## COLLECTED DATA
+++
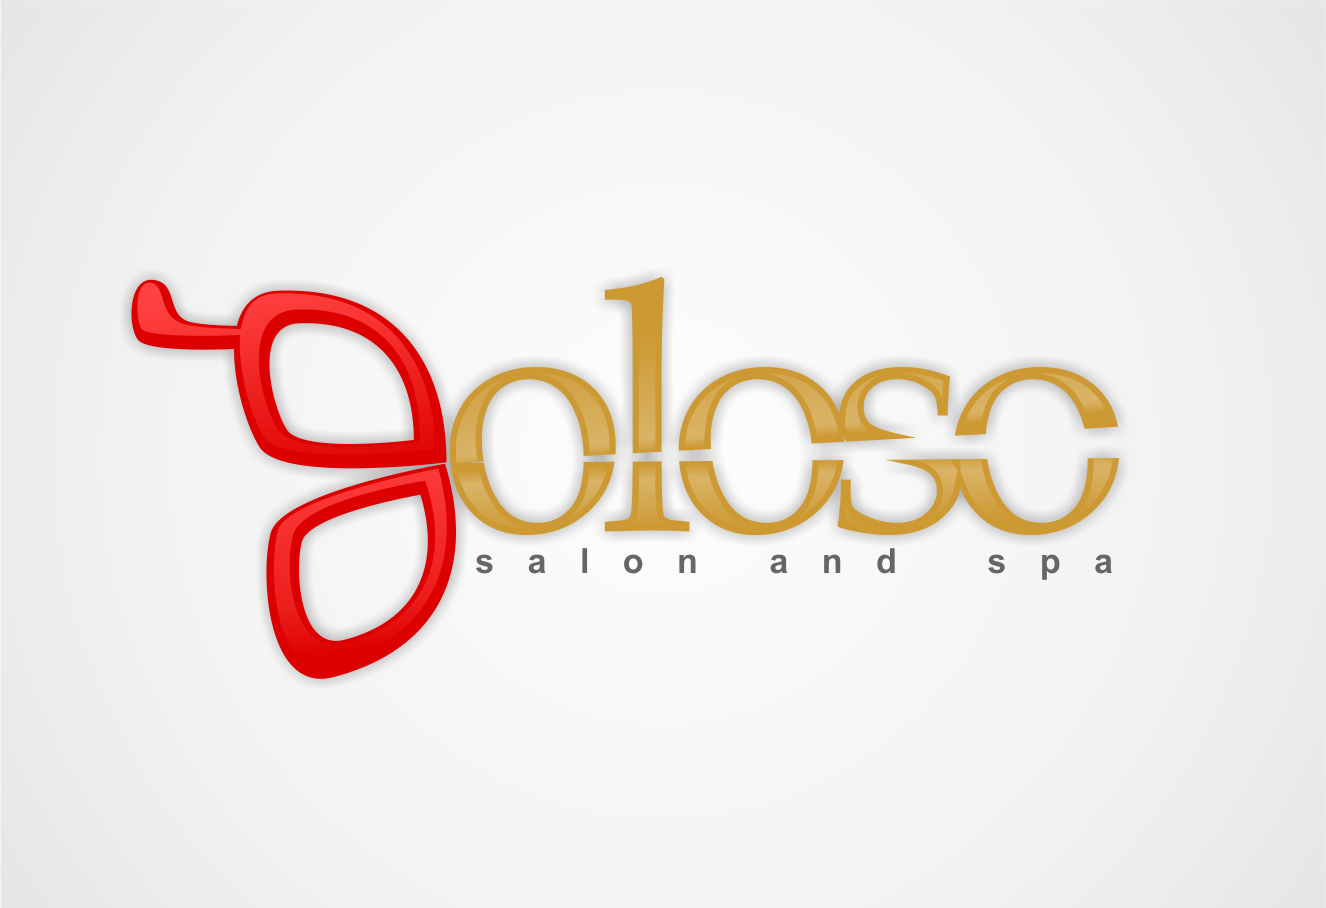 Logo Design by Mas an ibnu Zani Sutowo - Entry No. 75 in the Logo Design Contest Unique Logo Design Wanted for Goloso.
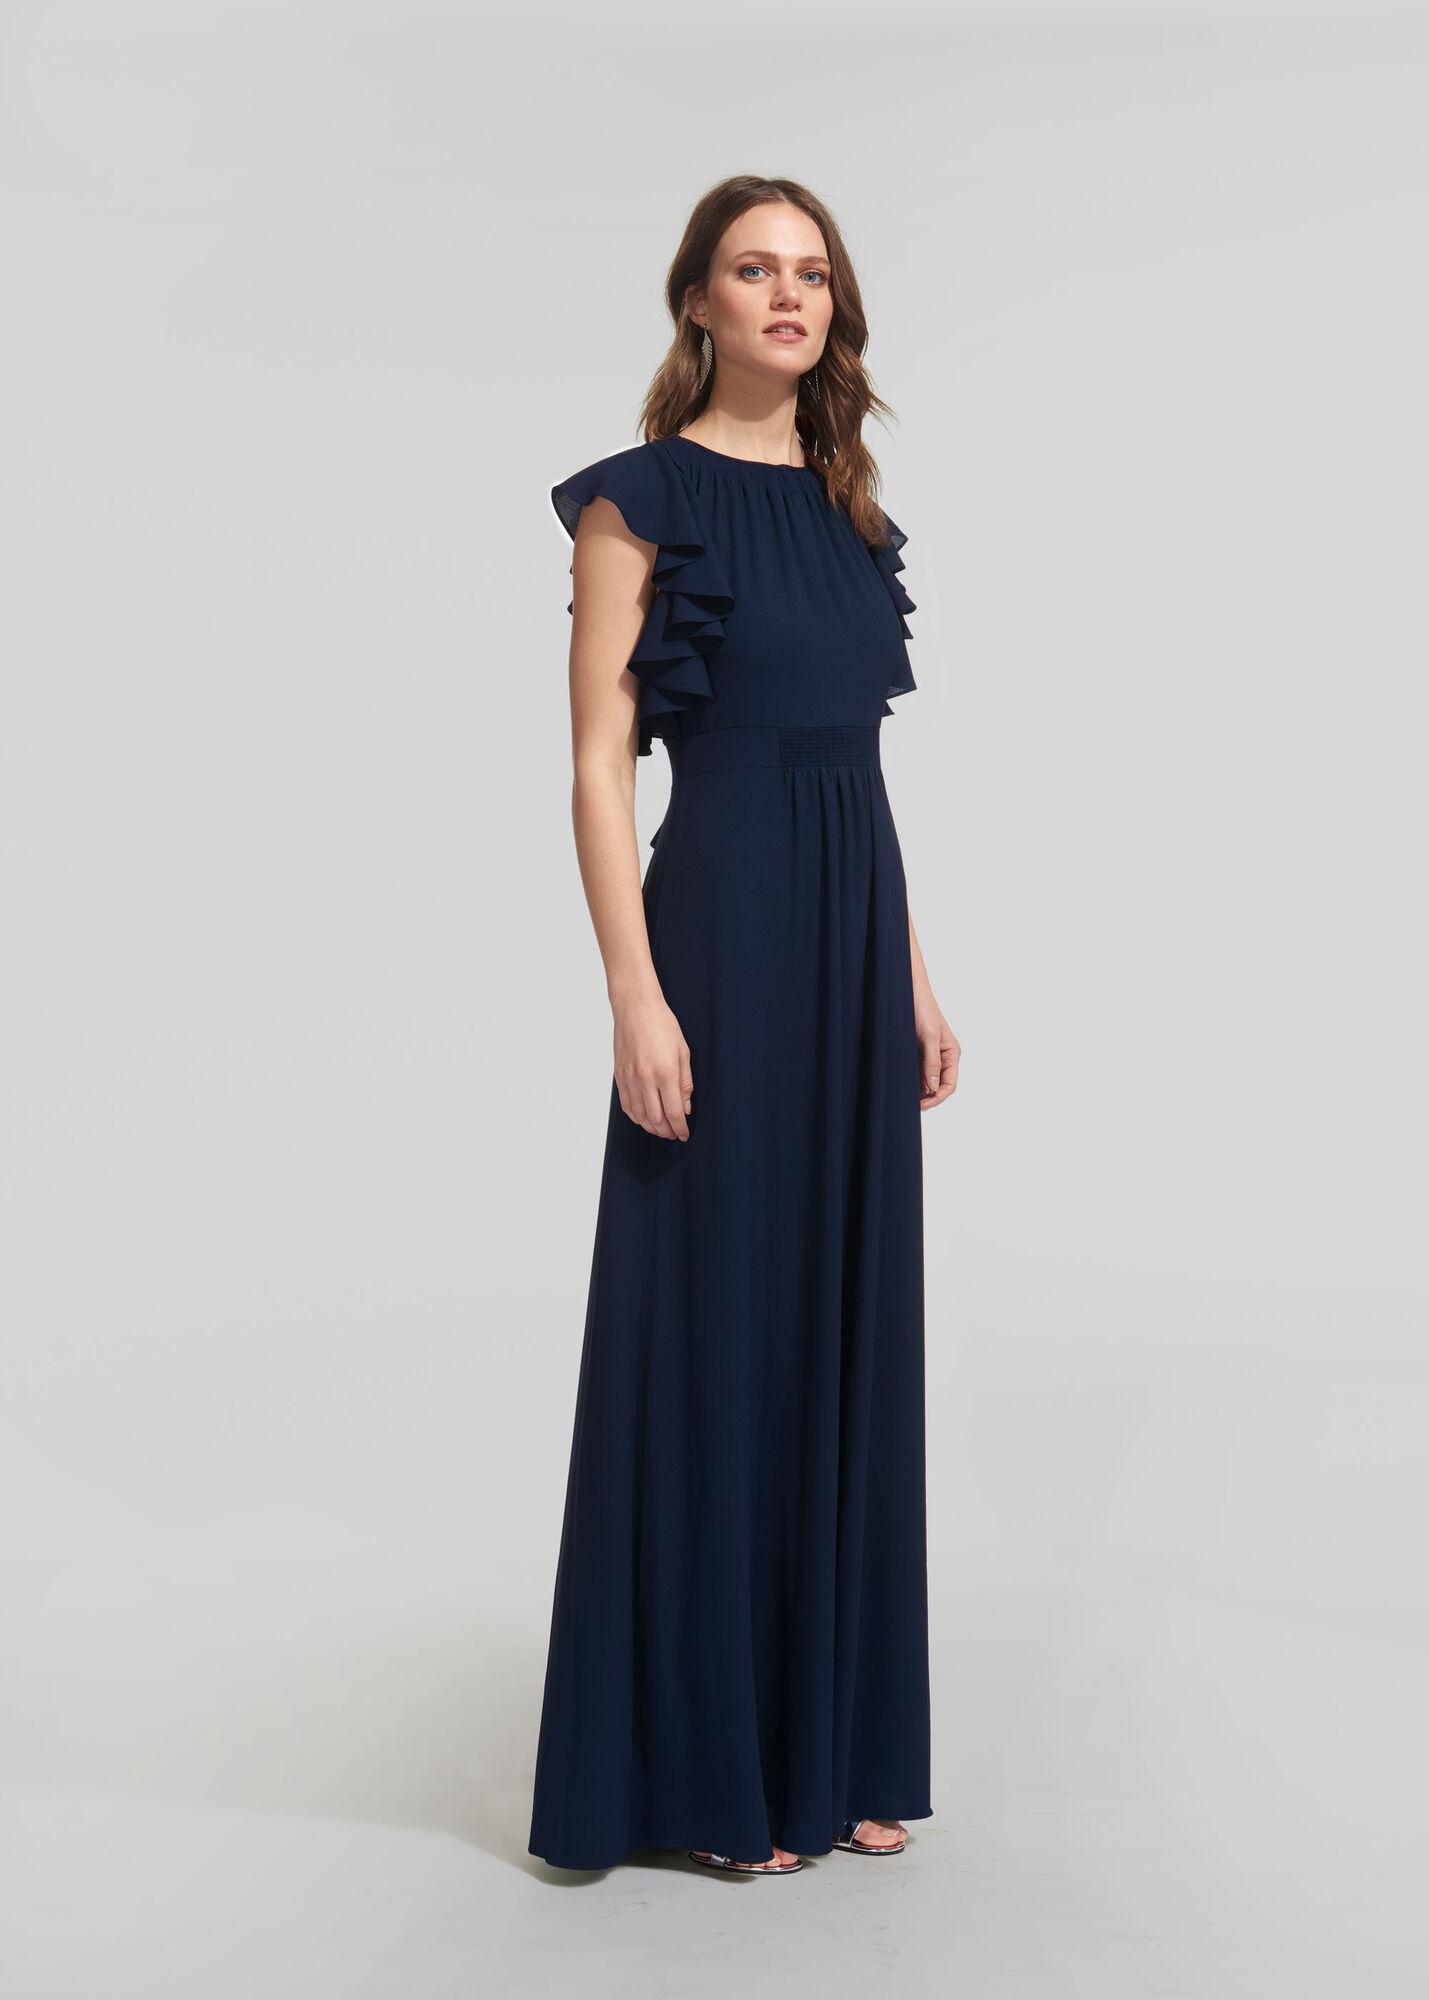 Zyta Frill Maxi Dress
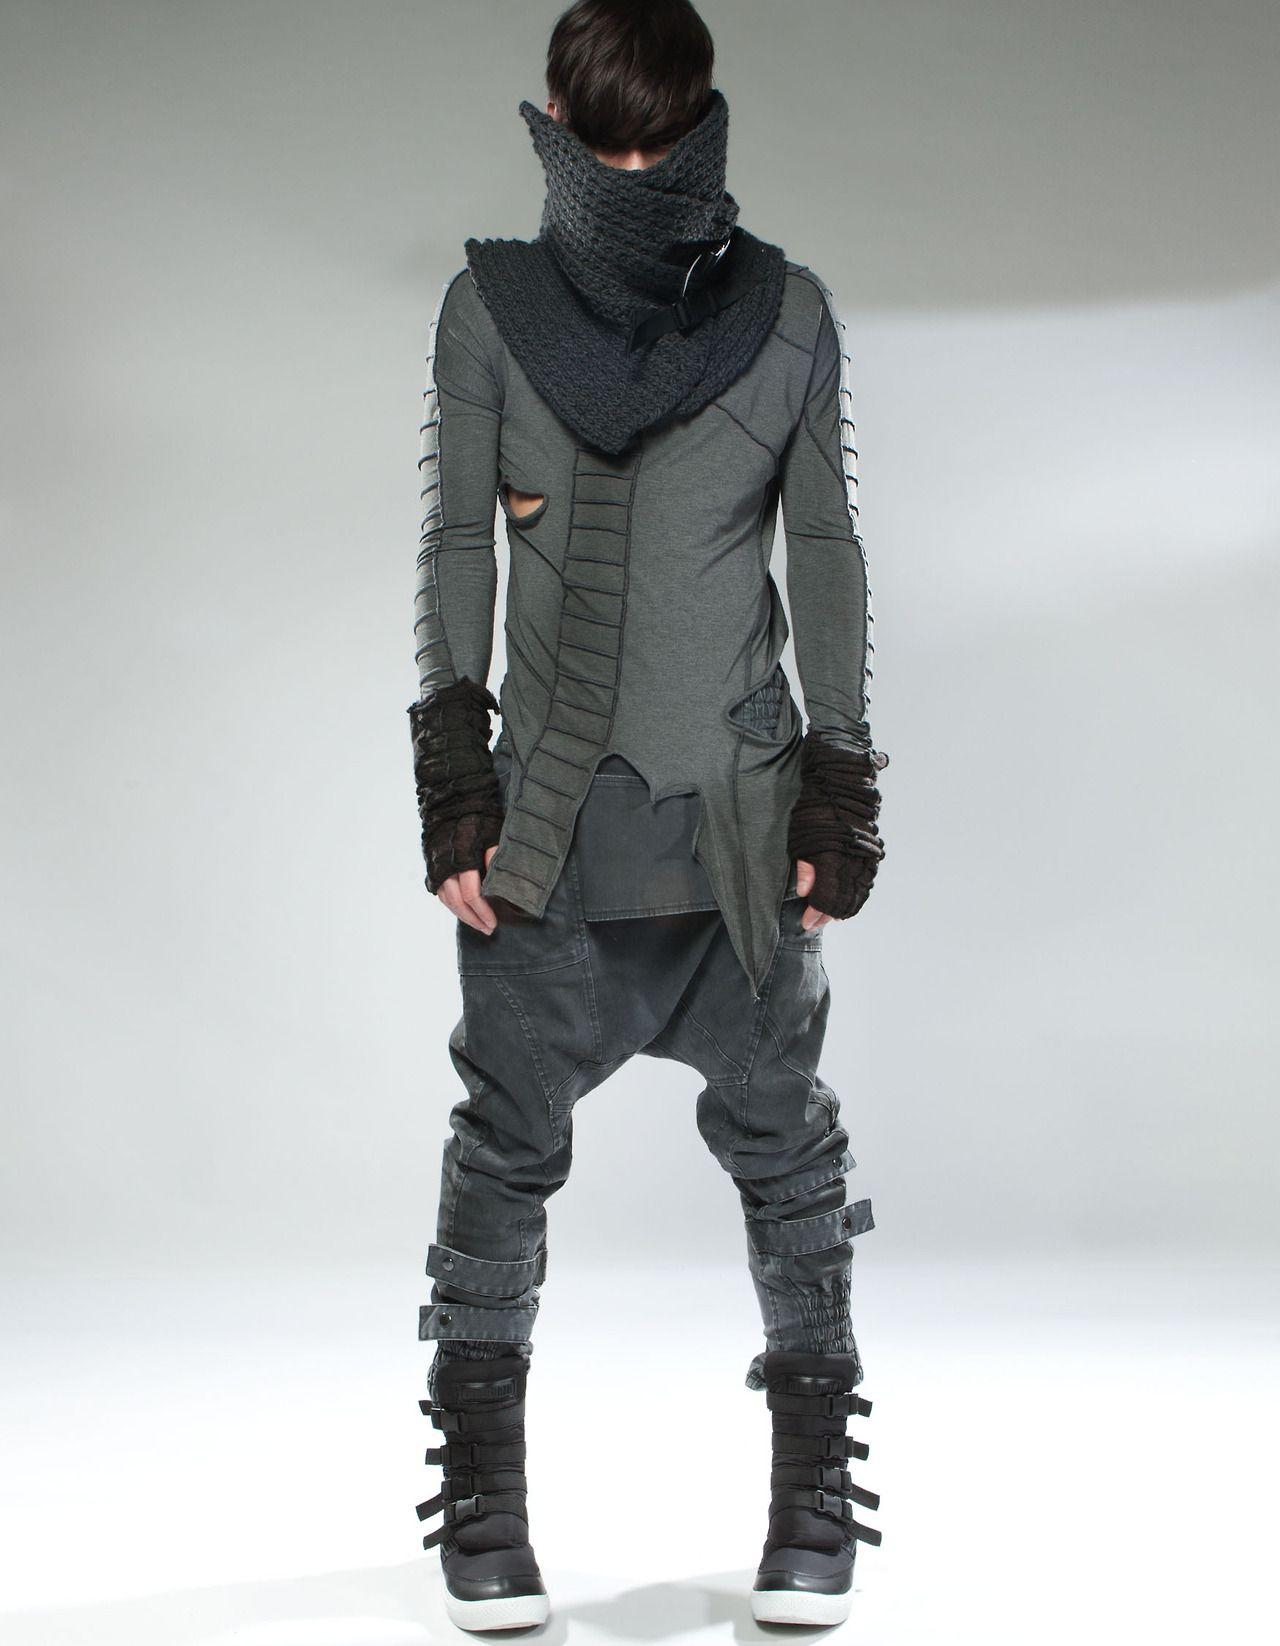 Futuristic Clothing, DEMOBAZA   для сеттинга   Pinterest   Fashion ... e9ecad5b981
+++
## PROBLEM DESCRIPTION
Begin at the line that contains "Zyta Frill Maxi Dress" and transcribe exactly, and only, each line through the final line of the data above, both included; the pictures do not go in.

## TASK OUTPUT
 Zyta Frill Maxi Dress
 Futuristic Clothing, DEMOBAZA   для сеттинга   Pinterest   Fashion ... e9ecad5b981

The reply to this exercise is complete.